Log Processing Example
A complete example of parsing and analyzing web server logs using Molniya.
Scenario
You have web server logs in Common Log Format and want to:
- Parse log entries into structured data
- Find the most visited pages
- Identify error rates by endpoint
- Analyze response times
- Detect suspicious traffic patterns
Sample Data
typescript
import { fromCsvString, DType, col, count, avg, sum, desc } from "molniya";
// Common Log Format: host ident authuser date request status bytes
const logData = `
host,timestamp,method,path,status,response_time
192.168.1.1,2024-01-15T10:30:00Z,GET,/api/users,200,45
192.168.1.2,2024-01-15T10:30:01Z,GET,/api/products,200,120
192.168.1.3,2024-01-15T10:30:02Z,POST,/api/orders,201,230
192.168.1.1,2024-01-15T10:30:05Z,GET,/api/users/123,200,35
192.168.1.4,2024-01-15T10:30:10Z,GET,/api/products/456,404,15
192.168.1.2,2024-01-15T10:30:12Z,GET,/api/users,200,42
192.168.1.5,2024-01-15T10:30:15Z,POST,/api/login,200,180
192.168.1.1,2024-01-15T10:30:20Z,GET,/api/orders,200,95
192.168.1.6,2024-01-15T10:30:25Z,GET,/admin,403,10
192.168.1.7,2024-01-15T10:30:30Z,GET,/api/products,500,5000
192.168.1.3,2024-01-15T10:30:35Z,PUT,/api/orders/789,200,150
192.168.1.8,2024-01-15T10:30:40Z,GET,/api/users,200,38
192.168.1.2,2024-01-15T10:30:45Z,DELETE,/api/orders/789,204,80
192.168.1.9,2024-01-15T10:30:50Z,GET,/api/products/999,404,12
192.168.1.10,2024-01-15T10:30:55Z,POST,/api/users,201,200
`.trim();
const schema = {
host: DType.string,
timestamp: DType.string,
method: DType.string,
path: DType.string,
status: DType.int32,
response_time: DType.int32
};
const df = fromCsvString(logData, schema);Step 1: Parse and Enrich
Extract additional information from the logs:
typescript
// Extract endpoint category and detect API vs static requests
const enriched = df
.withColumn("endpoint_category",
when(col("path").startsWith("/api/users"), lit("users"))

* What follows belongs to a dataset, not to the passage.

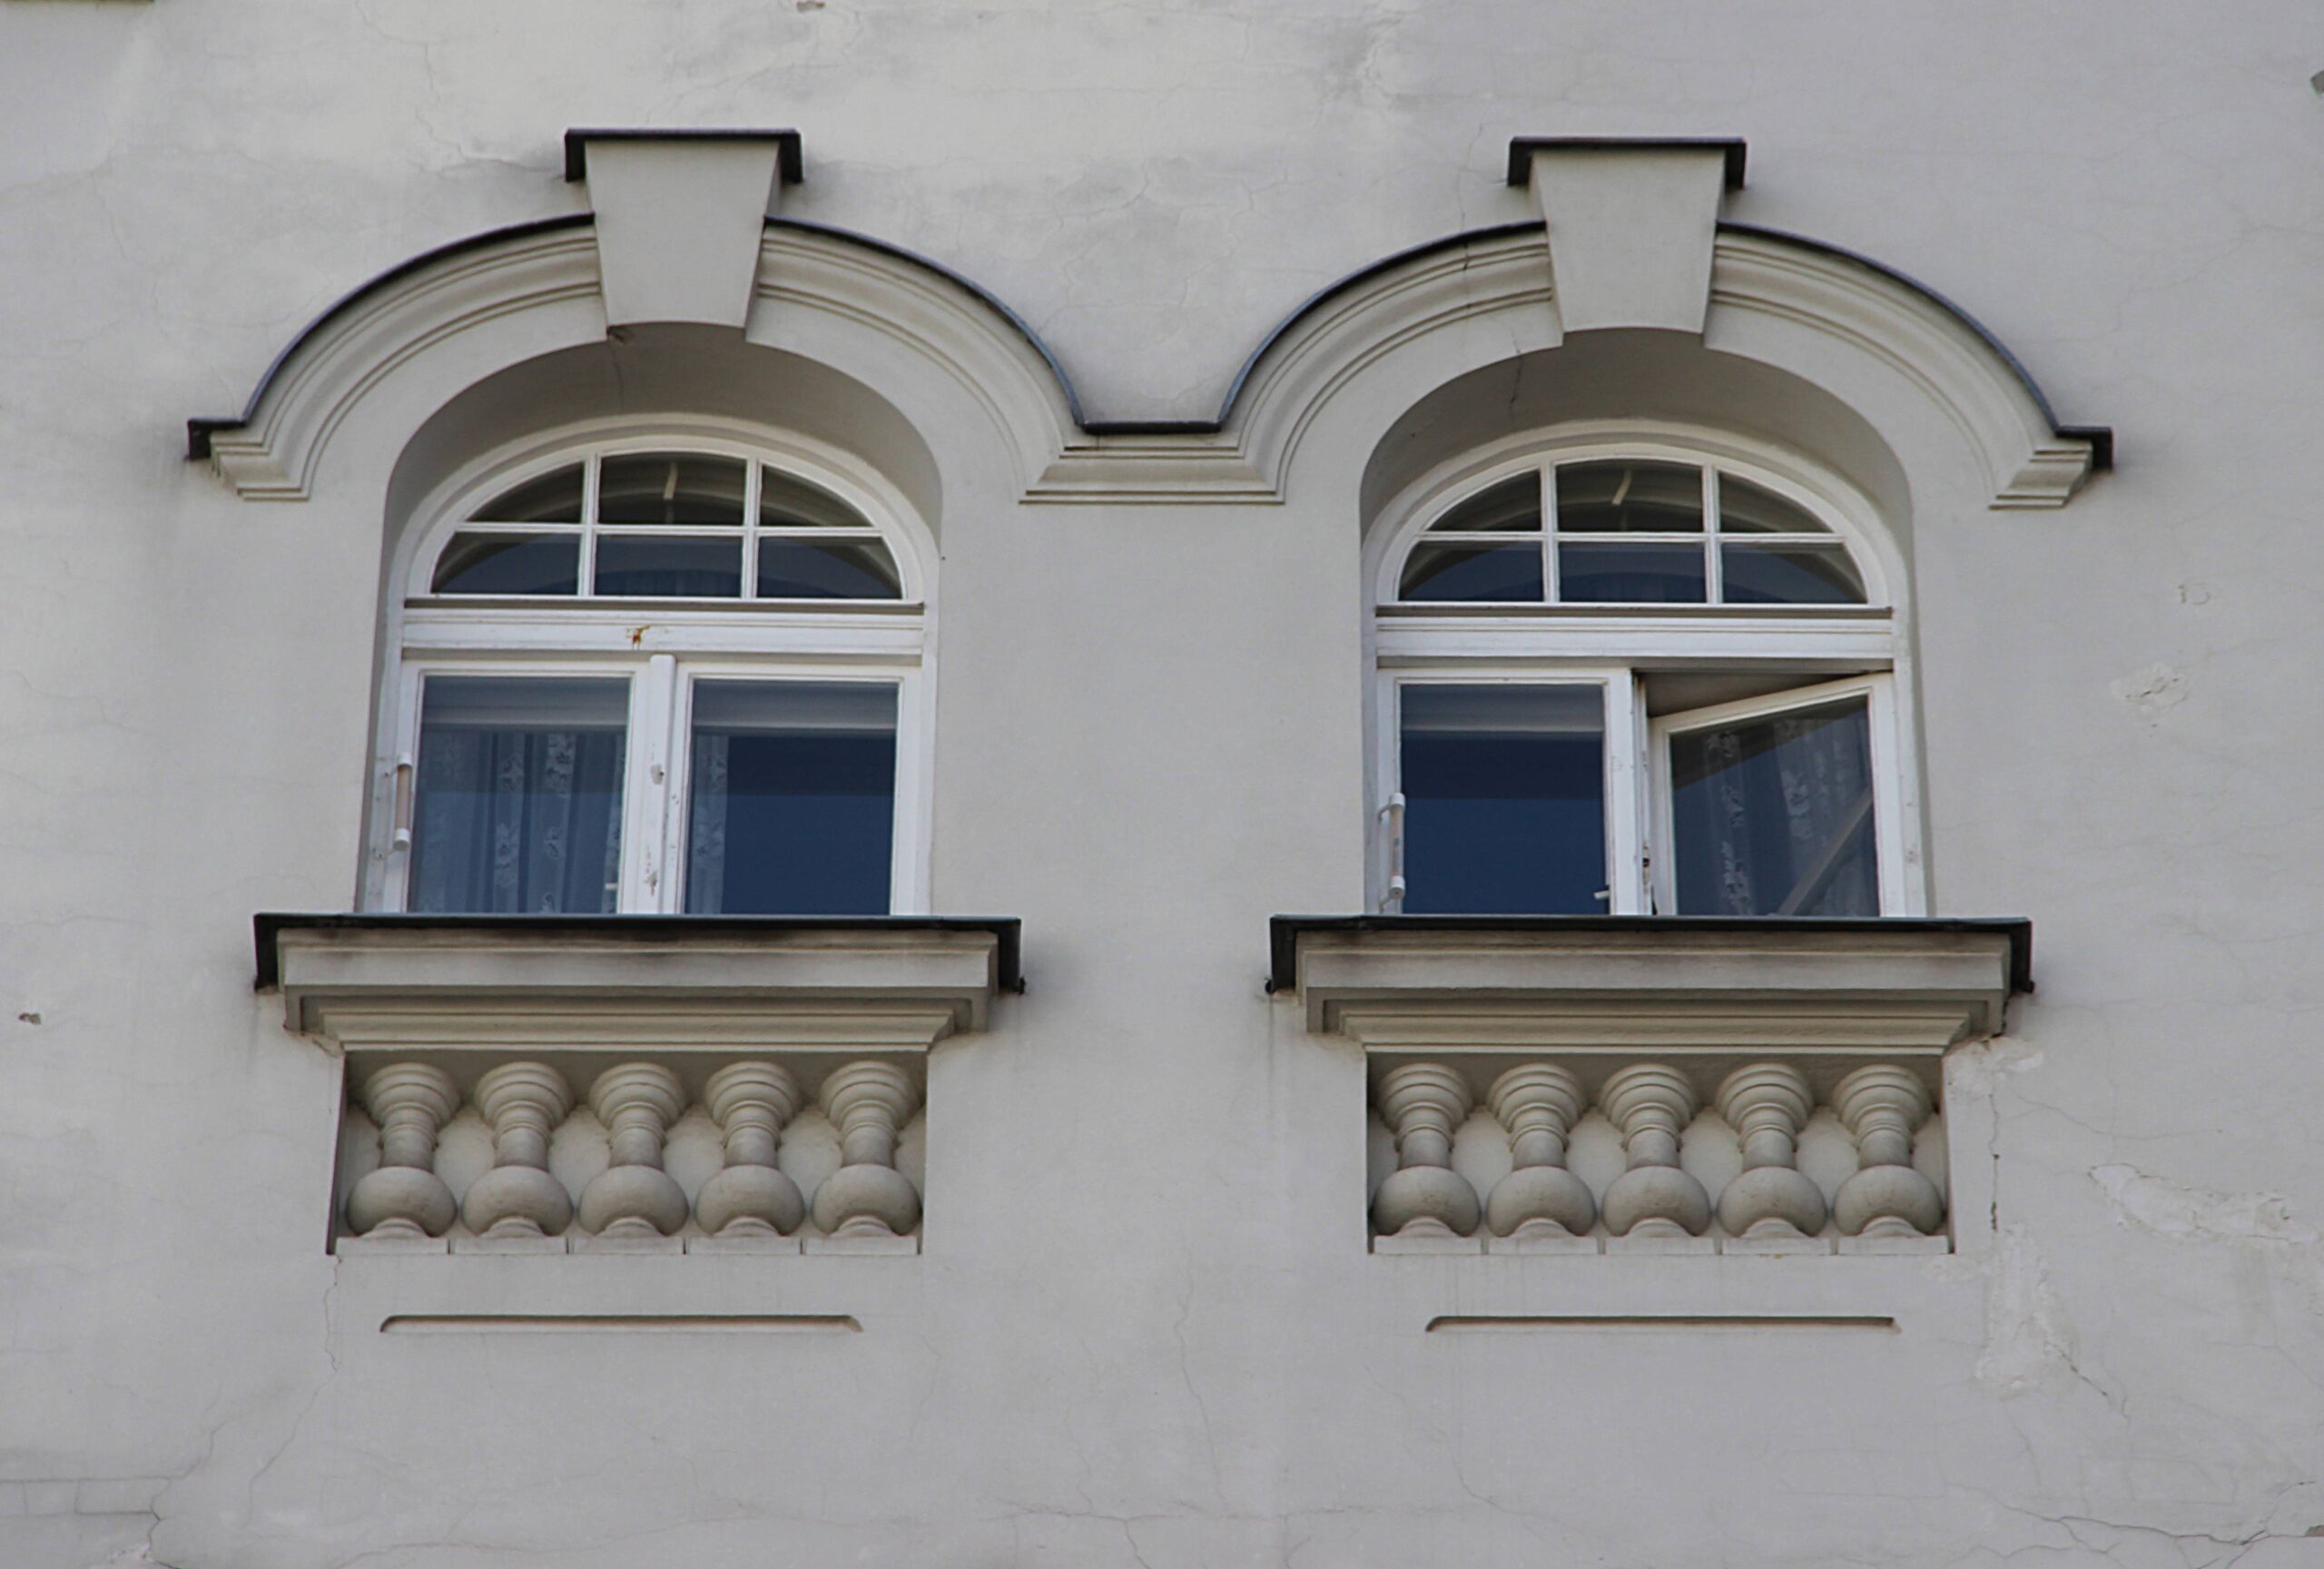 Elewacja frontowa. Bliźniacze okna IV-go piętra. Fot. Małgorzata Maksymiuk 2022 r., źródło: AOD III.

.when(col("path").startsWith("/api/products"), lit("products"))
.when(col("path").startsWith("/api/orders"), lit("orders"))
.when(col("path").startsWith("/api/"), lit("other_api"))
.otherwise(lit("static"))
)
.withColumn("is_error", col("status").gte(400))
.withColumn("is_slow", col("response_time").gt(1000));Step 2: Top Visited Pages
Find the most frequently accessed endpoints:
typescript
const topPages = await enriched
.groupBy("path", [
{ name: "request_count", expr: count() },
{ name: "avg_response_time", expr: avg("response_time") },
{ name: "total_response_time", expr: sum("response_time") }
])
.sort(desc("request_count"))
.limit(10)
.toArray();
console.log("Top Pages:");
console.log(topPages);Step 3: Error Rate Analysis
Analyze errors by endpoint category:
typescript
const errorAnalysis = await enriched
.groupBy("endpoint_category", [
{ name: "total_requests", expr: count() },
{ name: "error_count", expr: sum(when(col("is_error"), lit(1)).otherwise(lit(0))) },
{ name: "error_rate", expr: avg(when(col("is_error"), lit(1)).otherwise(lit(0))) }
])
.sort(desc("error_rate"))
.toArray();
console.log("Error Analysis:");
console.log(errorAnalysis);Step 4: Response Time Statistics
Get response time percentiles and identify slow endpoints:
typescript
const responseTimeStats = await enriched
.groupBy("endpoint_category", [
{ name: "count", expr: count() },
{ name: "avg_time", expr: avg("response_time") },
{ name: "min_time", expr: min("response_time") },
{ name: "max_time", expr: max("response_time") }
])
.toArray();
console.log("Response Time Stats:");
console.log(responseTimeStats);
// Find slow requests
const slowRequests = await enriched
.filter(col("response_time").gt(1000))
.select("timestamp", "path", "status", "response_time")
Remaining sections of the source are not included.